-- The records follows --

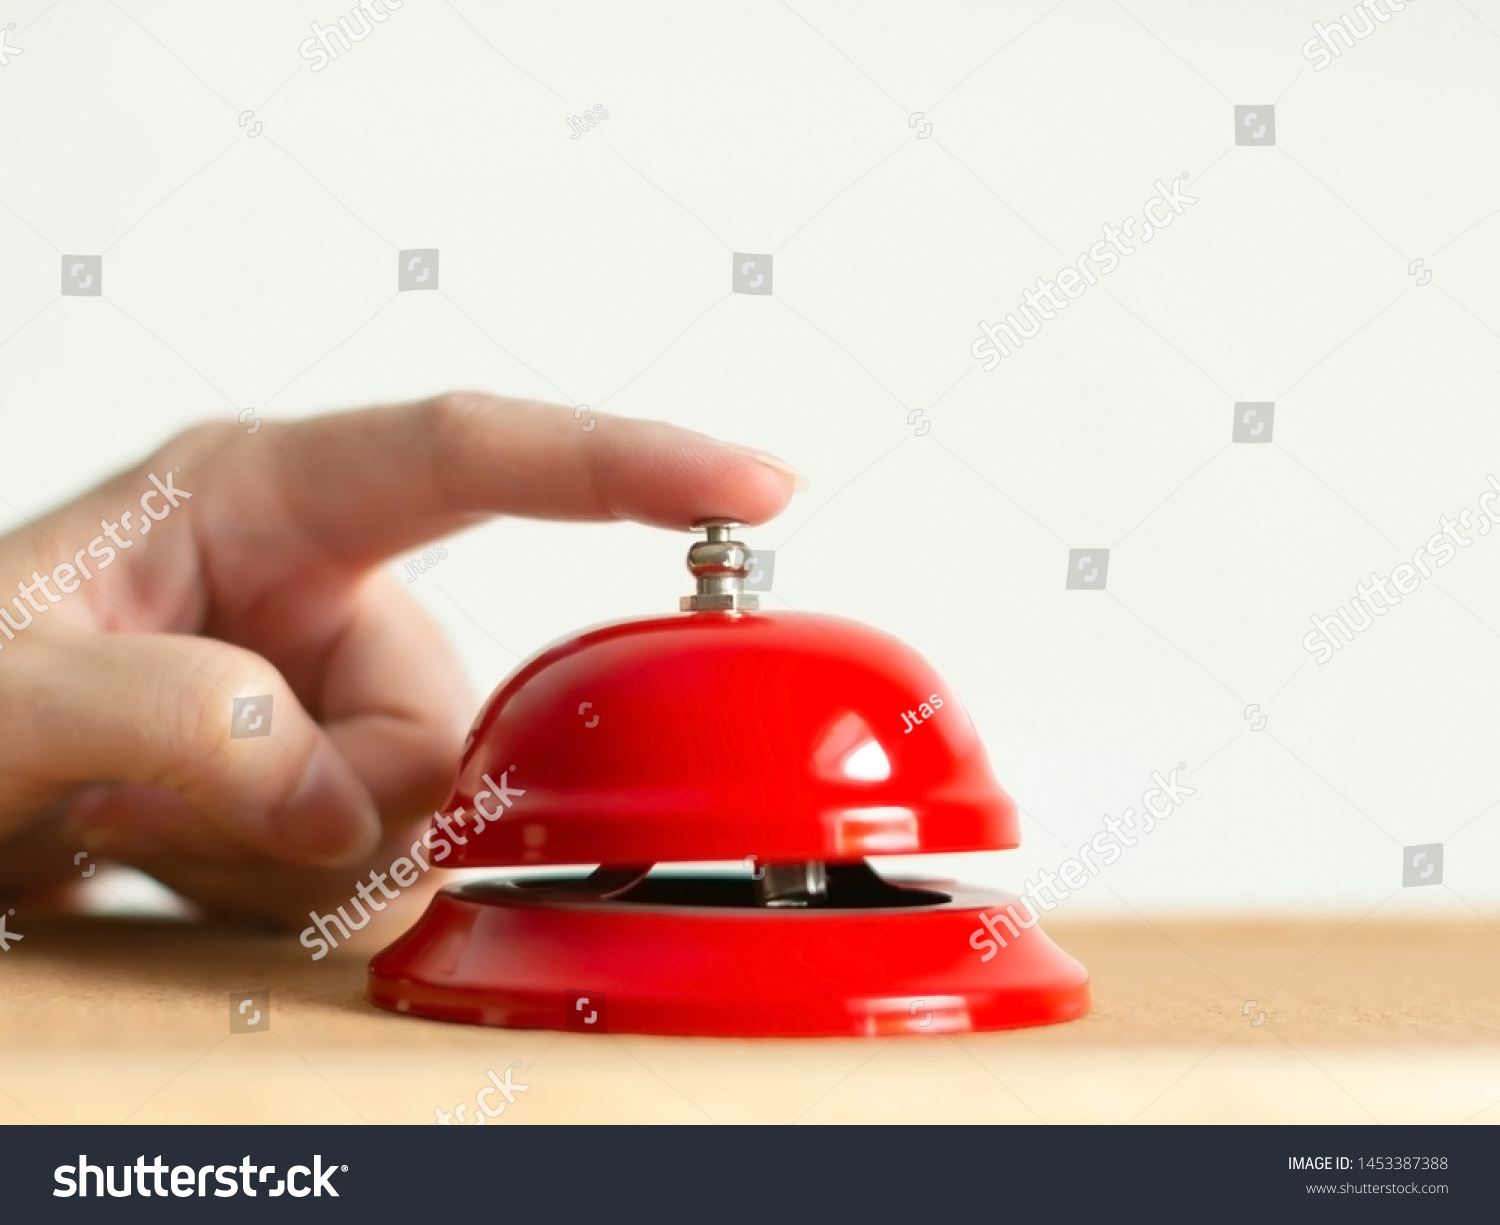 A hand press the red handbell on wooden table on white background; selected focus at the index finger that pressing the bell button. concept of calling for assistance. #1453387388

-- The records concluded --
-- The records follows --

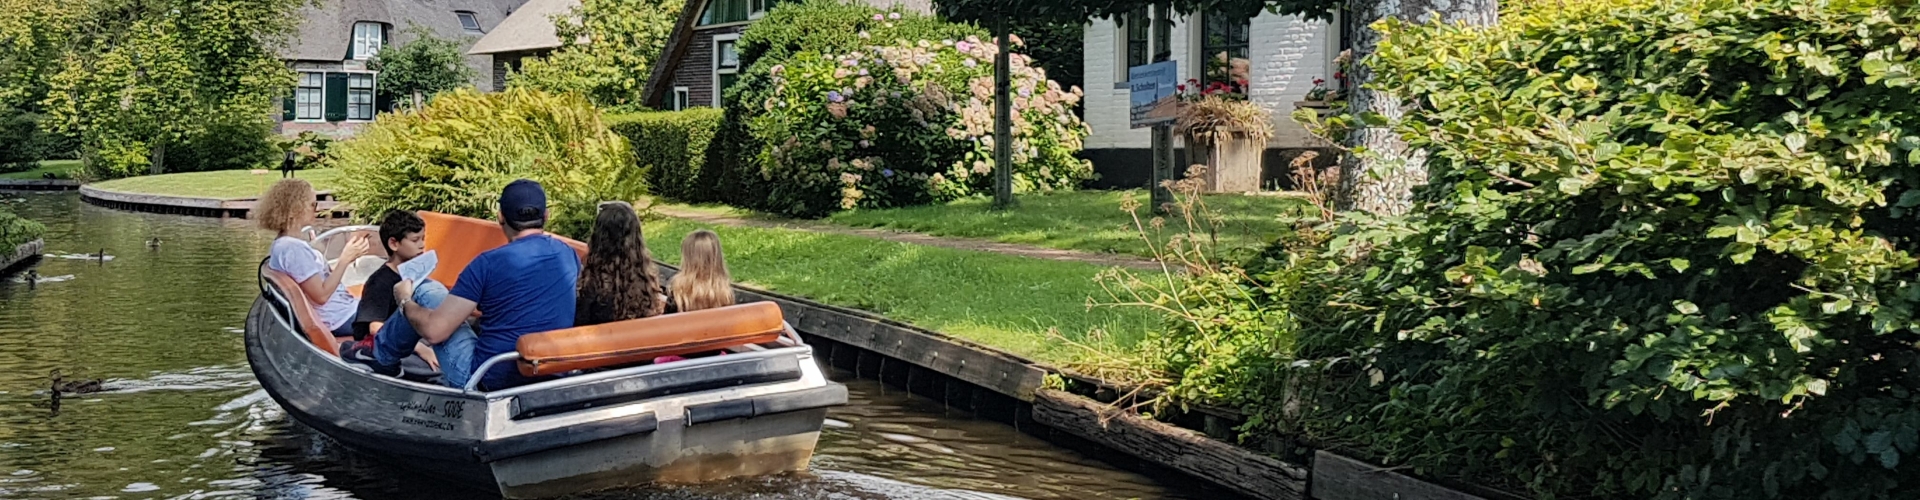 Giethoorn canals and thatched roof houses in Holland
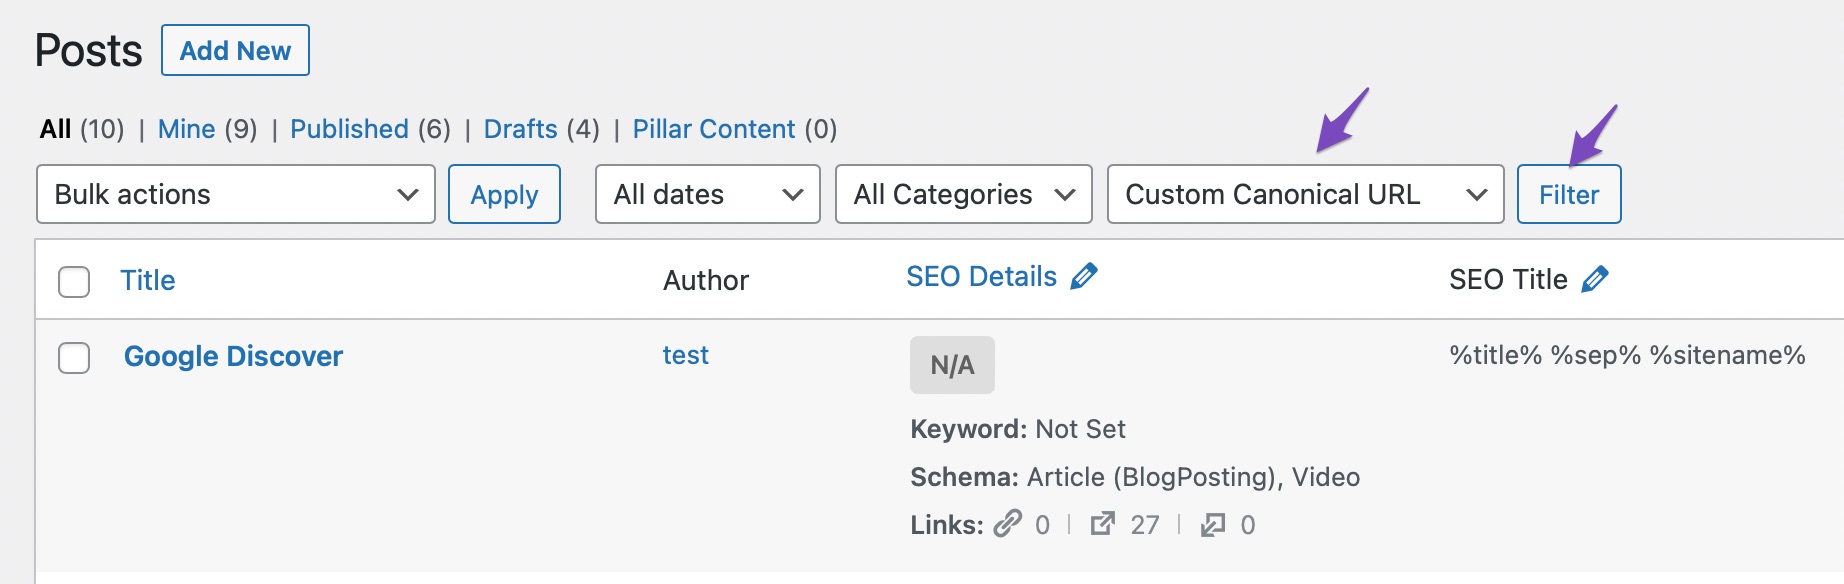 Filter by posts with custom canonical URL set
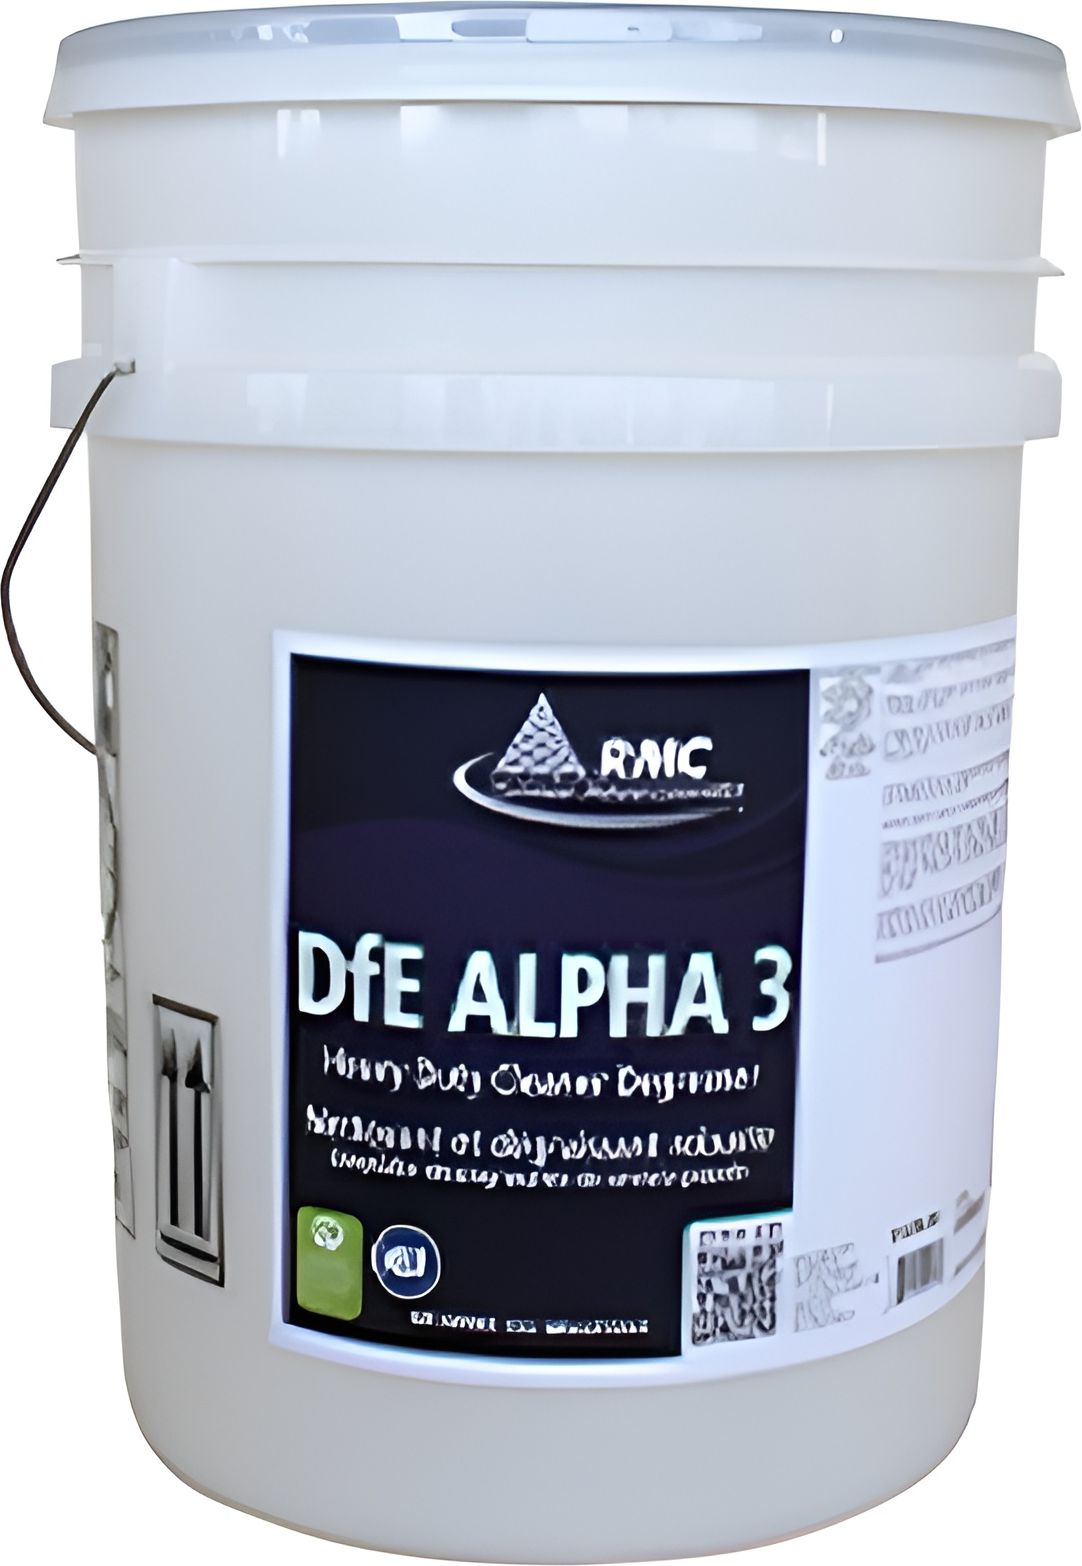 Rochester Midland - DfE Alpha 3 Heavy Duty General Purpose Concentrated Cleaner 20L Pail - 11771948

-- The records concluded --

**Required action:** Although the records above contain pictures, the copy should not; retype exactly the lines from the one containing "Filter by posts" through the one containing "Rochester Midland - DfE".

**Exercise response:**
 Filter by posts with custom canonical URL set
 Rochester Midland - DfE Alpha 3 Heavy Duty General Purpose Concentrated Cleaner 20L Pail - 11771948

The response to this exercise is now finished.